Selective laser trabeculoplasty as replacement therapy in controlled glaucoma patients
2 October 2017
UAntwerp, Campus Drie Eiken, Building Q, Promotiezaal - Universiteitsplein 1 - 2610 WILRIJK (route: UAntwerpen, Campus Drie Eiken
Myrjam De Keyser
Prof V. De Groot, Prof J.-P. Bogers
PhD defence Myrjam De Keyser - Faculty of Medicine and Health Sciences
We examined selective laser trabeculoplasty (SLT) as a replacement therapy for medically controlled glaucoma patients.
1, Does the use of anti-inflammatory drops influence the intraocular pressure (IOP) lowering effect or the side effects of SLT?
2, Can structural variations of the eye, like corneal thickness, influence the outcome of SLT?
3, Does previous lens extraction influence the effect of SLT?
4, Can SLT be used in normal tension glaucoma?
5, Does SLT significantly improve quality of life in glaucoma patients?
A prospective randomized interventional clinical trial on 143 glaucoma patients. Patients were randomized to either receiving SLT or to the control group that continued on pressure lowering medication. Data were recorded 1 hour, 1 week, 1, 3, 6, 12 and 18 months after SLT. Primary outcome was number of medications at 12 and 18 months while maintaining a pre-determined target (IOP).
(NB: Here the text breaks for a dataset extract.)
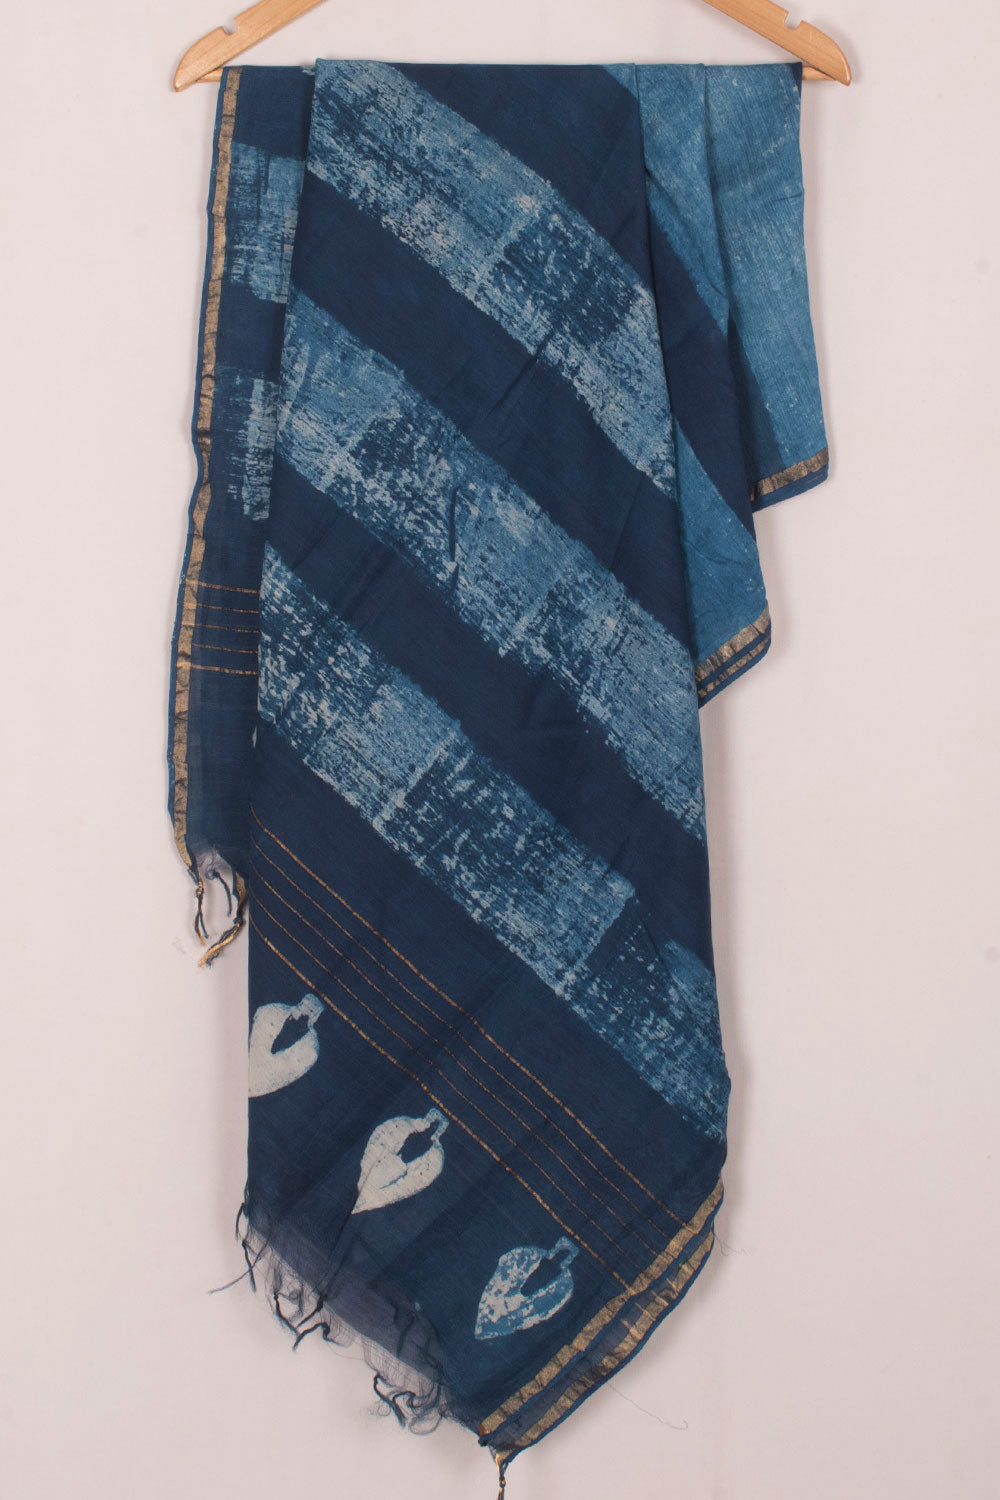 Dabu Printed Chanderi Indigo Silk Cotton Dupatta with Stripes
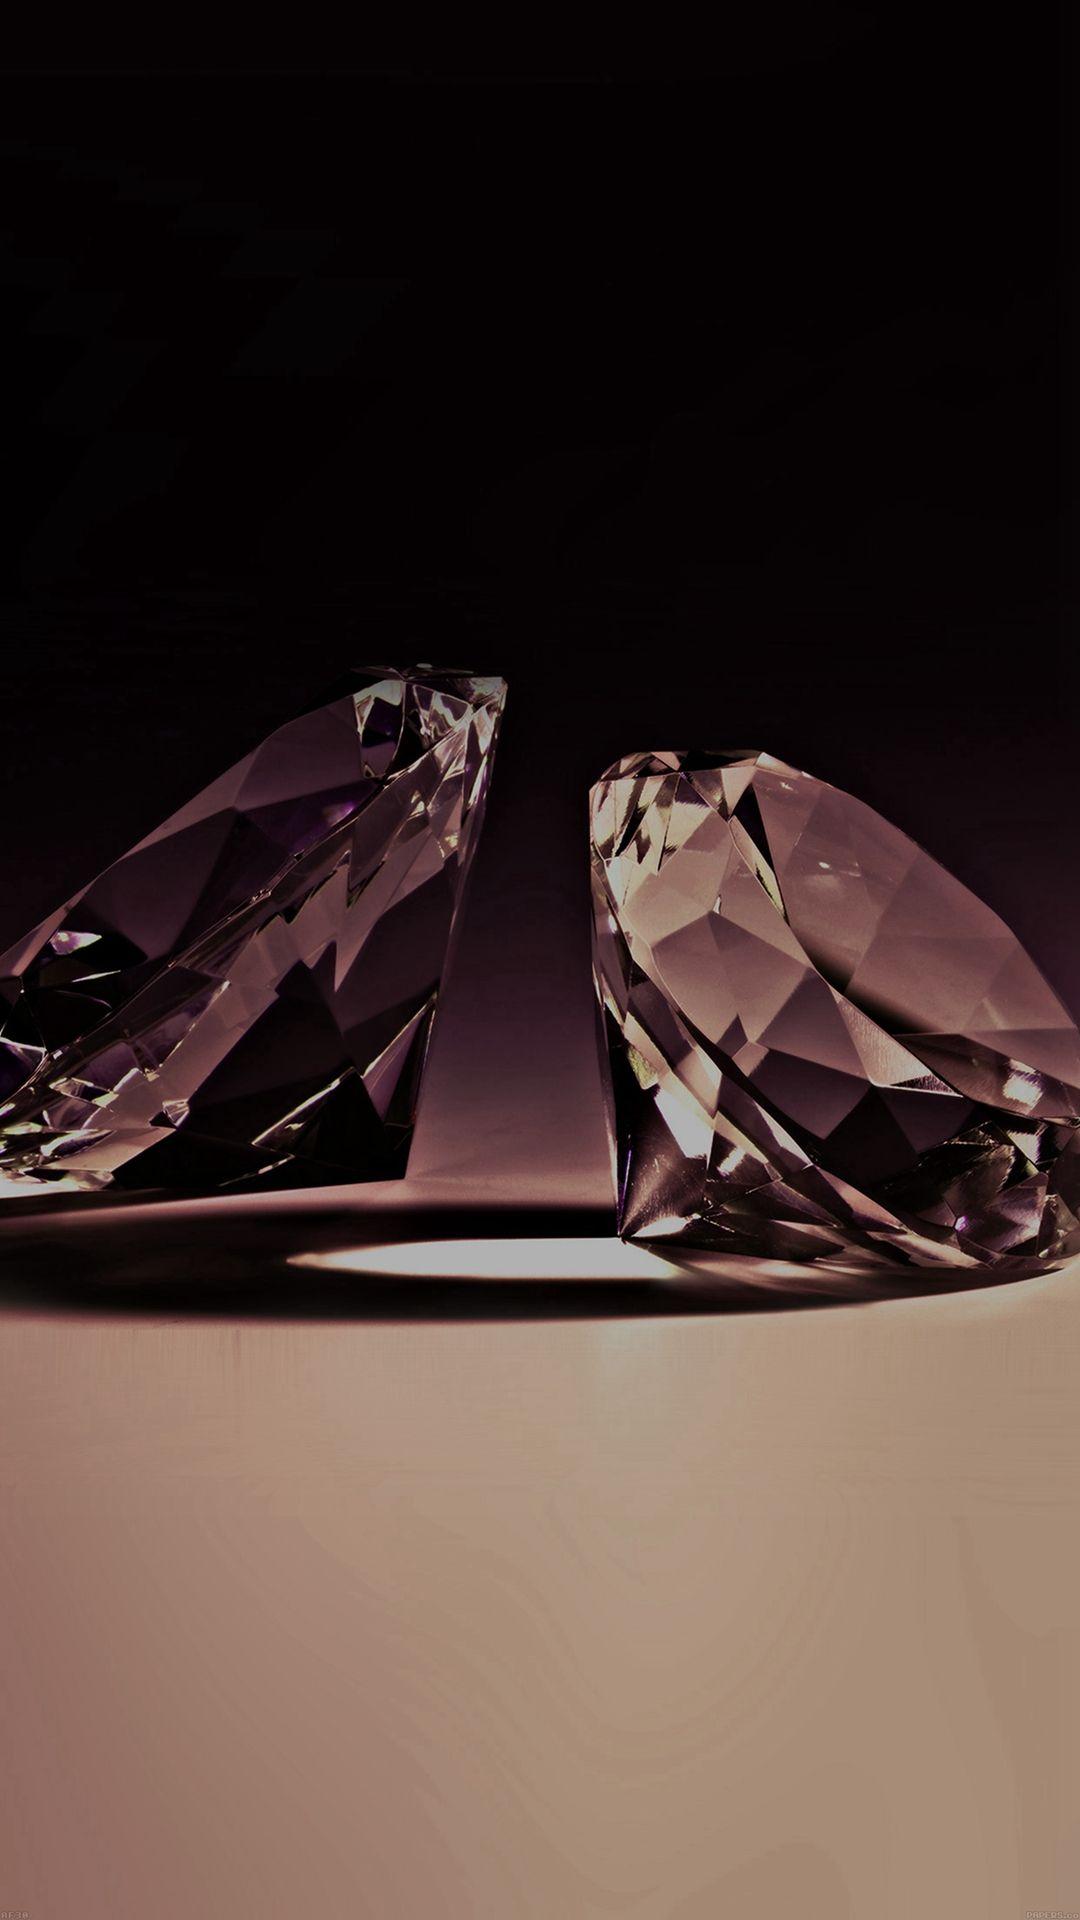 Two diamonds wide HD iphone 6 wallpaper photo free

SLT reduced the number of medications from a mean of 1.5 at baseline to 0.35 after 12 months and 0.29 after 18 months. Meanwhile, SLT achieved more than 20% IOP lowering in 95% of eyes and more than 30% IOP lowering in 86% of eyes after 18 months. 77% of our eyes no longer needed any medication after SLT at 18 months.
1, We used Dexamethasone or Indomethacin in one eye and no post laser treatment in the other eye. This made no significant difference in inflammatory signs, nor in the IOP lowering effect of the SLT (p <0,05).
2, Thin corneas (< 550 μm) did not significantly influence outcome of SLT (p <0,05).
3, SLT efficiency was comparable in phakic and pseudophakic eyes (p <0,05).
4, SLT efficacy was not inferior in normal tension glaucoma patients compared to ocular hypertension or other open angle glaucoma patients (p <0,05).
5, SLT lowered the number of medications needed drastically. After SLT, the need for help from others to instil drops, lowered. Ocular surface disease improved significantly after SLT compared tot the control group. Patient reported quality of life improved. Perceived effectiveness rose after SLT, unintended treatment effects decreased, convenience of the therapy augmented.
SLT enabled a reduction in number of medications while maintaining good IOP control. SLT was able to completely replace medical therapy in 77% of eyes after 18 months. SLT as replacement therapy may reduce local and systemic side effects and prevent adherence issues.